|SINGH, RAVI - International Maize & Wheat Improvement Center (CIMMYT)|
|SORRELLS, MARK - Cornell University|
Submitted to: PLOS ONE
Publication Type: Peer Reviewed Journal
Publication Acceptance Date: 1/28/2017
Publication Date: 2/27/2017
Publication URL: http://handle.nal.usda.gov/10113/6471046
Citation: Yu, L., Chao, S., Singh, R., Sorrells, M. 2017. Identification and validation of single nucleotide polymorphic markers linked to Ug99 stem rust resistance in spring wheat. PLoS One. doi: 10.1371/journal.pone.0171963.
Interpretive Summary: Wheat stem rust, caused by fungus pathogen Puccinia graminis f. sp. tritici, is one of the most destructive diseases of wheat.

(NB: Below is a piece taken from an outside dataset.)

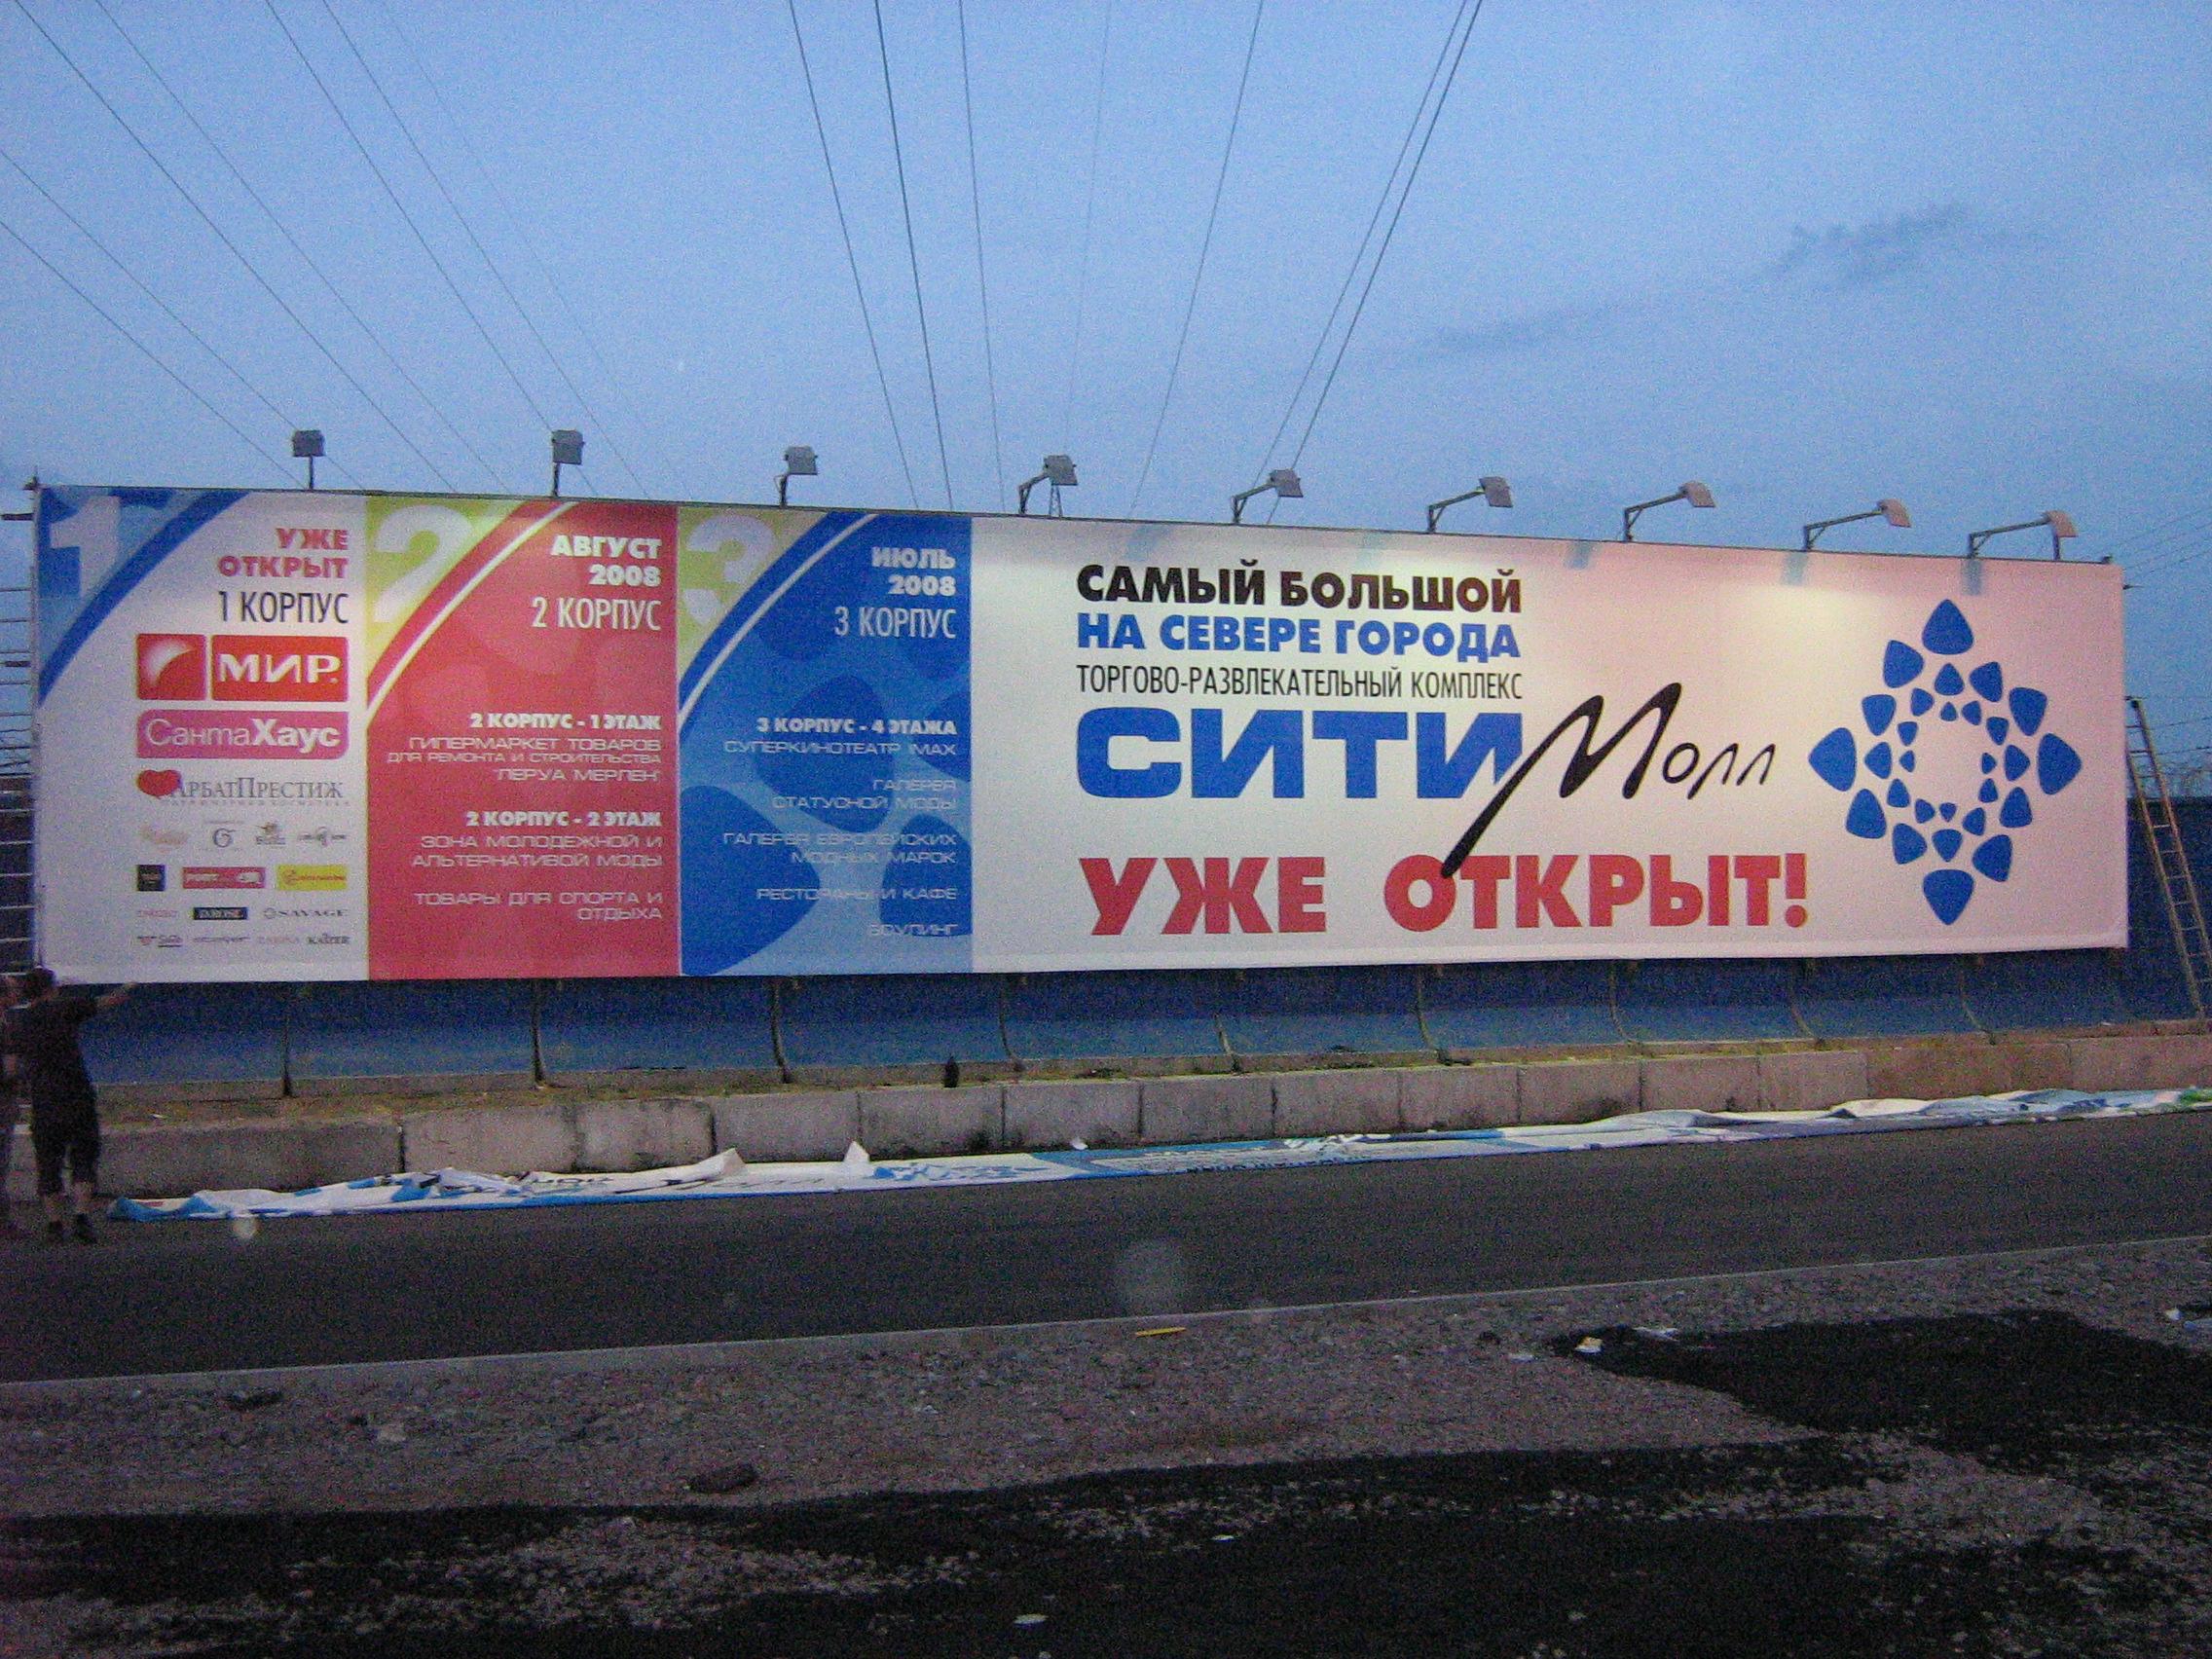 наземный рекламный баннер для ТРК 'Сити Молл'

The emergence of new race of the pathogen named Ug99 (TTKSK, for North American nomination) and its derivatives in East Africa are virulent to many reported stem rust resistance genes. The Ug99 races are rapidly spreading throughout Africa and South Asia and threat to wheat production worldwide Developing durable and effective disease resistant wheat varieties is a high priority. Single Nucleotide Polymorphic (SNP) marker has become the marker of choice for MAS because of their high frequency, widespread distribution throughout the genome, and their suitability for high-throughput and automated genotyping. In the present study, we developed four SNP makers that linked to Sr25. These markers were validated in two populations containing 277 breeding lines using a high-throughput assay, named Kompetitive Allele Specific PCR (KASP). The result indicated that all of the four markers can identify Sr25 genotypes. The diagnostic ability of these markers provide a strategy for high throughput marker-assisted selection for Sr25 and can be beneficial in accelerating breeding programs to improve wheat resistance to stem rust such as Ug99.
Technical Abstract: Wheat stem rust (Puccinia graminis f. sp. tritici Eriks. and E. Henn.) is one of the most destructive diseases world-wide. Races belonging to Ug99 (or TTKSK) continue to cause crop losses in East Africa and threaten global wheat production. Developing and deploying wheat varieties with multiple race-specific genes or complex adult plant resistance is necessary to achieve durability. In the present study, we applied genome-wide association studies (GWAS) for identifying loci associated with the Ug99 stem rust resistance (SR) in a panel of wheat lines developed at the International Maize and Wheat Improvement Center (CIMMYT). Genotyping was carried out using the wheat 9K iSelect single nucleotide polymorphism (SNP) chip. Phenotyping was done in the field in Kenya by infection of Puccinia graminis f. sp. tritici race TTKST, the Sr24-virulent variant of Ug99. Marker-trait association identified 12 SNP markers significantly associated with resistance. Among them, 7 were mapped on five chromosomes. Markers located on chromosomes 4A and 4B overlapped with the location of the Ug99 resistance genes SrND643 and Sr37, respectively. Markers identified on 7DL were collocated with Sr25. Additional significant markers were located in the regions where no Sr gene has been reported. The chromosome location for five of the SNP markers was unknown. A BLASTN search of the NCBI database using the flanking sequences of the SNPs associated with Ug99 resistance revealed that several markers were linked to plant disease resistance analogues, while others were linked to regulatory factors or metabolic enzymes. A KASP (Kompetitive Allele Specific PCR) assay was used for validating six marker loci linked to genes with resistance to Ug99. Of those, four co-segregated with the Sr25-pathotypes while the rest identified unknown resistance genes. With further investigation, these markers can be used for marker-assisted selection in breeding for Ug99 stem rust resistance in wheat.